Almost a quarter of Nevada residents who lost their homes to foreclosure walked away from them. A Nevada Association of Realtors (NVAR) Report found that 23 percent of homeowners strategically defaulted on mortgage loans. The report also found that most Nevadans facing foreclosure did not know about federal and nonprofit programs designed to help them.

Many of the people who went through foreclosure had experience at least two “life-altering events” that increase their risk of defaulting on a home mortgage. Losing a job and medical expenses were the most common events that triggered a foreclosure. Also, 46 percent of homeowners blamed banks and lenders for foreclosures, 20 percent blamed the government and 13 percent blamed homeowners.

Residents don’t know where to turn for help

Nevada has consistently had one of the highest rates of foreclosure in the U.S. With so much attention given to foreclosure during the housing crisis, it seems surprising that so many homeowners would be unaware of programs that can help them.

Linda Rheinberger, 2010 NVAR president, said in a statement:

“We think this research will help the public, the real estate industry, lawmakers and others grappling with this difficult issue. Personally, it was striking to see that nearly one in four Nevadans who lost homes to foreclosure admitted that they simply walked away from their mortgage.
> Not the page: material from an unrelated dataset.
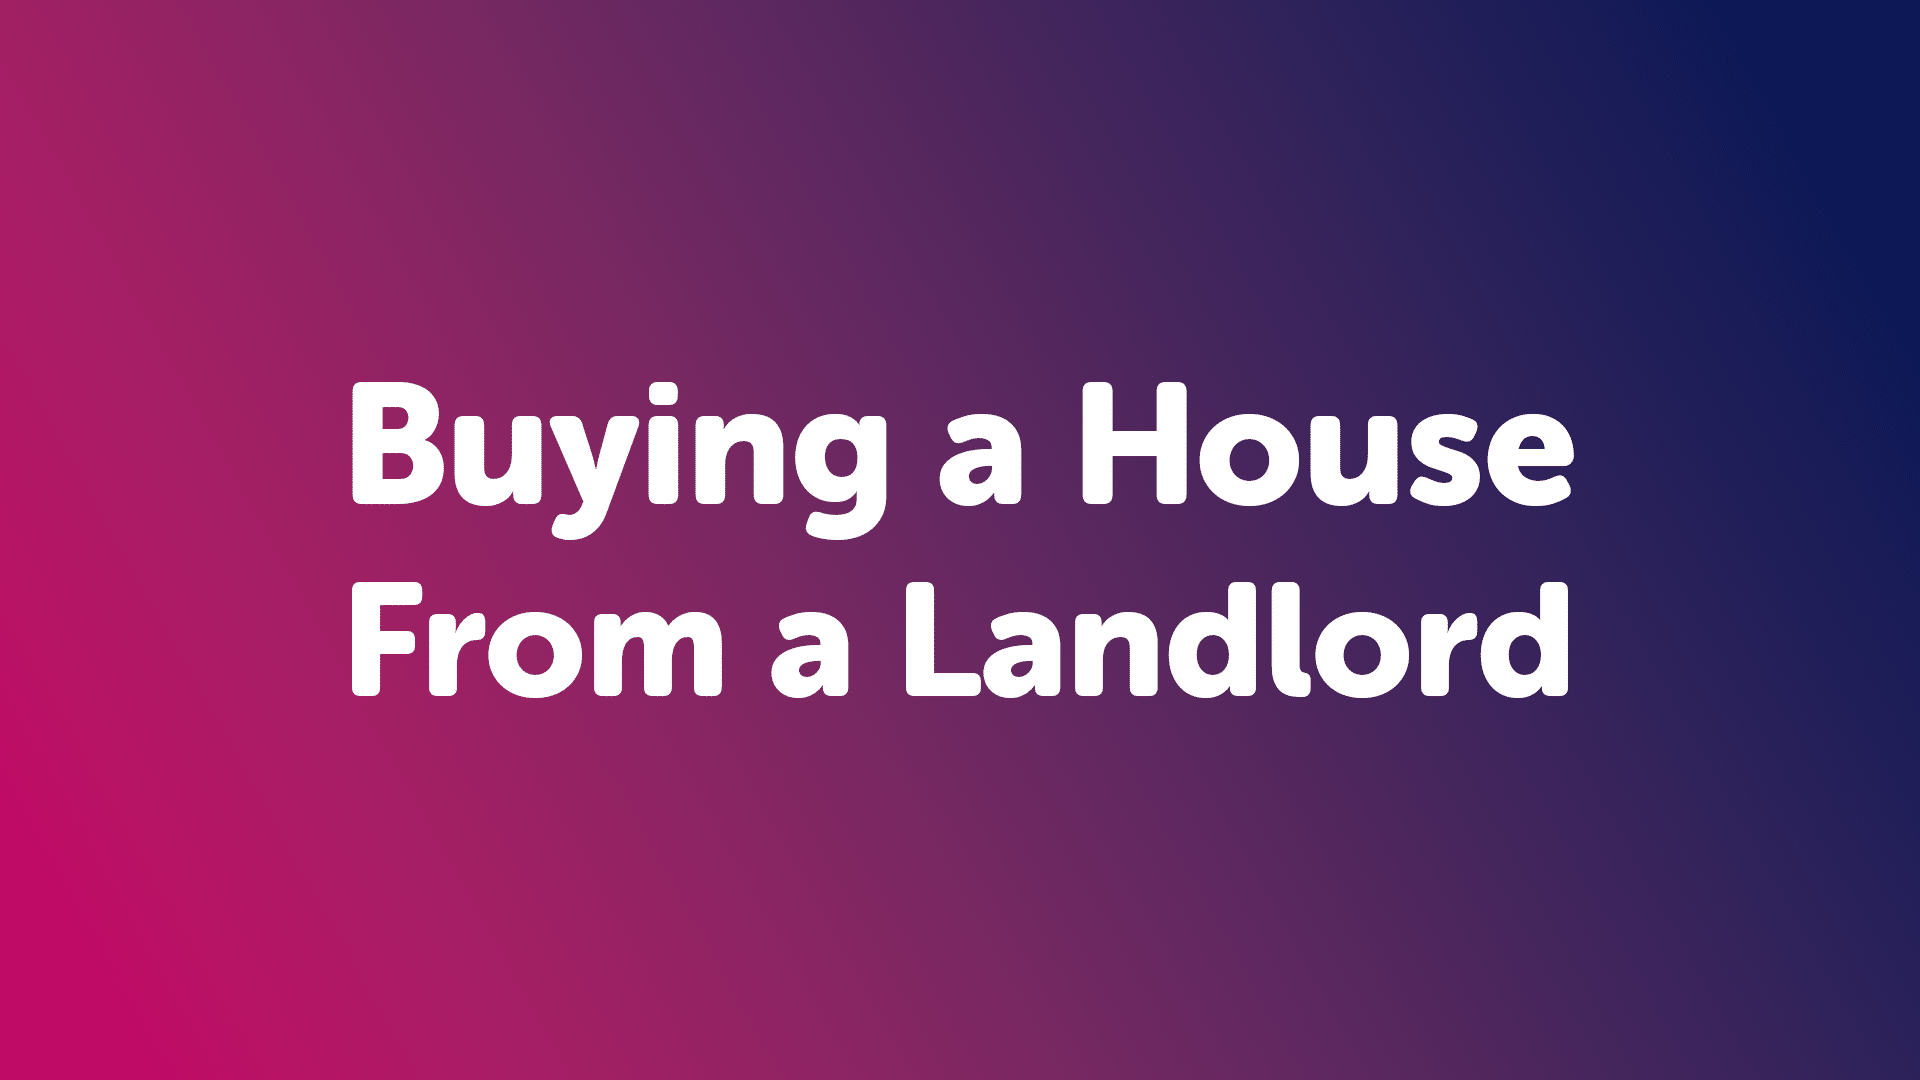 Buying a House From a Landlord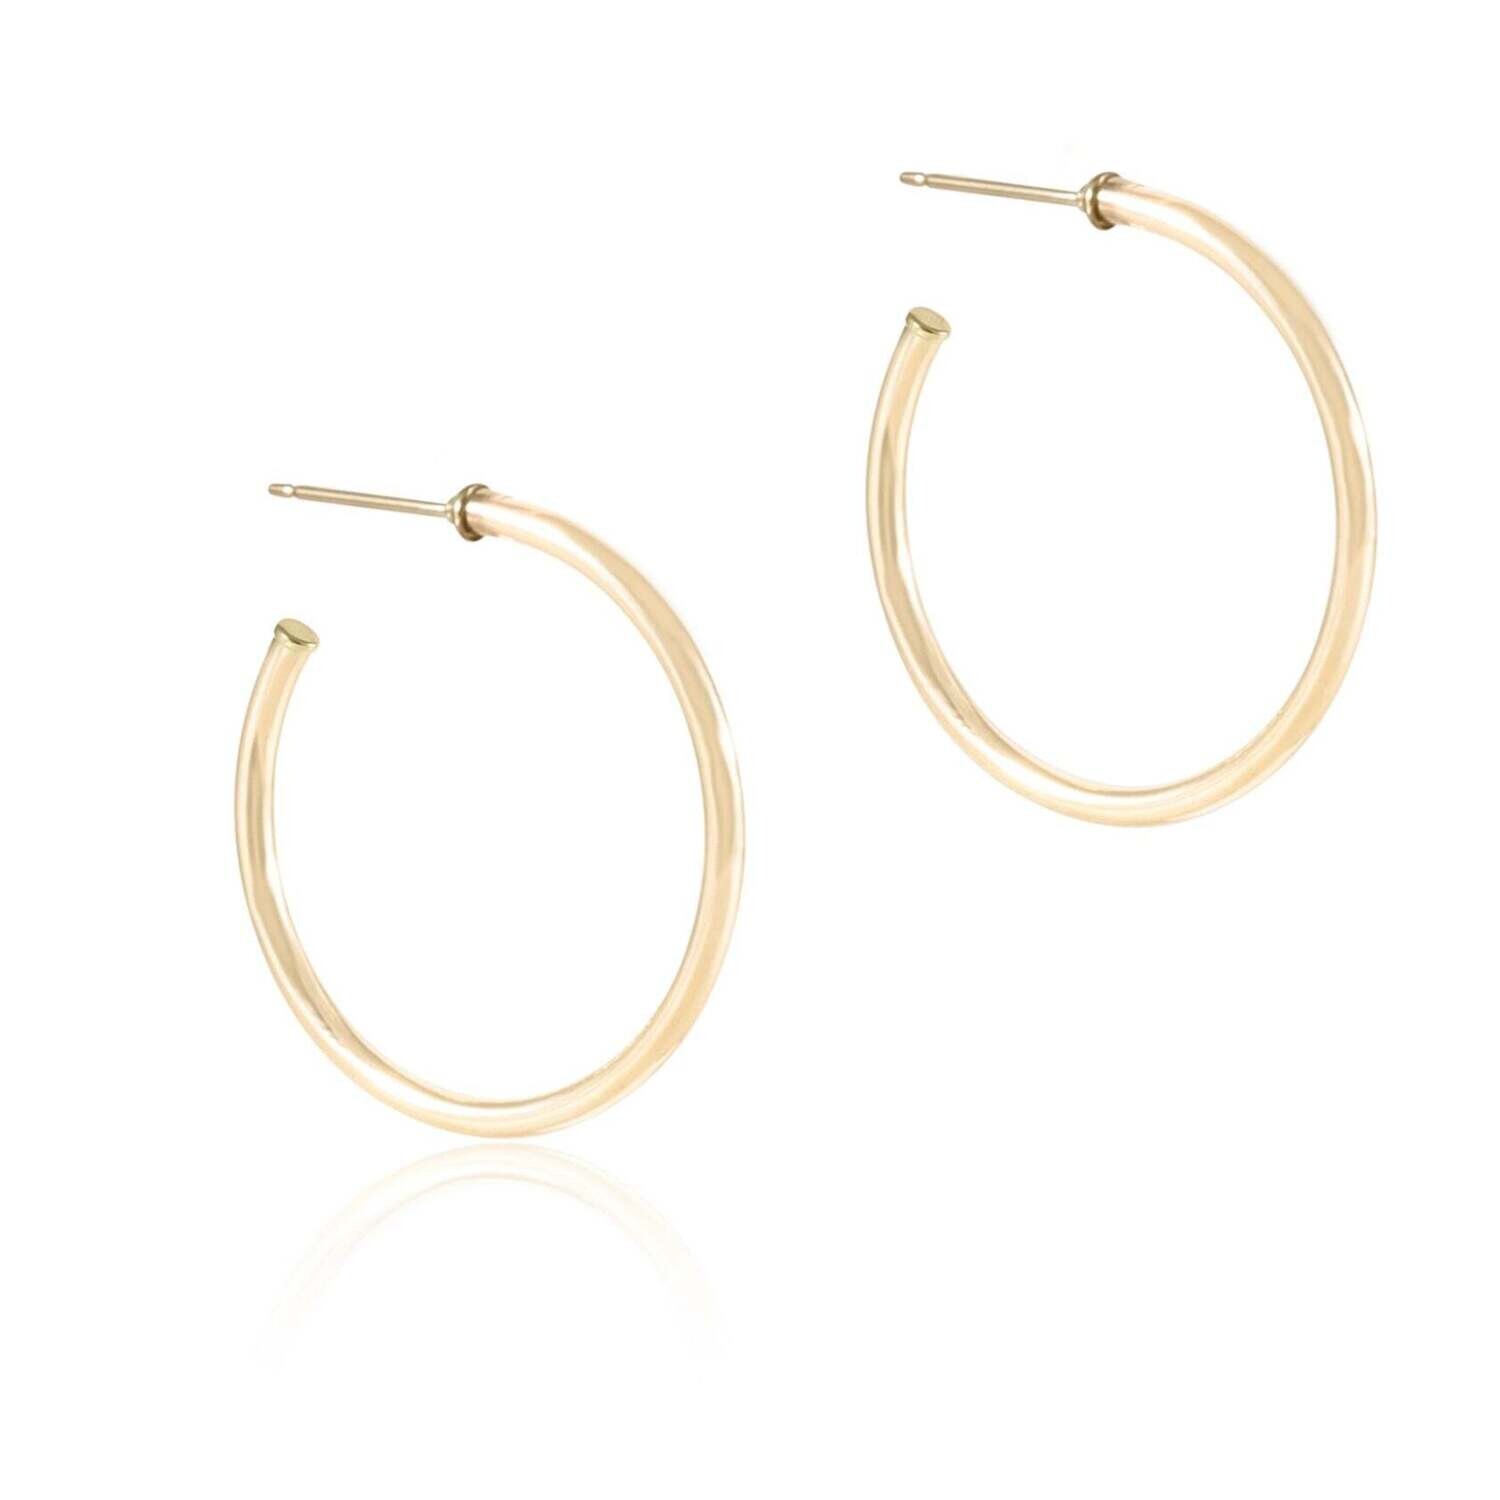  Smooth Round Gold 1.5 Post Hoop

As for solutions, there may not be a single cure-all, but this report suggests that we can do more to make distressed homeowners aware of the free and low-cost resources available to them.”

Arranging a short sale

Among the alternatives to foreclosure is arranging a short sale. A short sale occurs when a mortgage lender agrees to allow you to sell a home for less than what is owed on a mortgage loan. The mortgage lender is able to recover some of the mortgage loan, and you, the homeowner, get out from under the burden of a mortgage you can’t afford.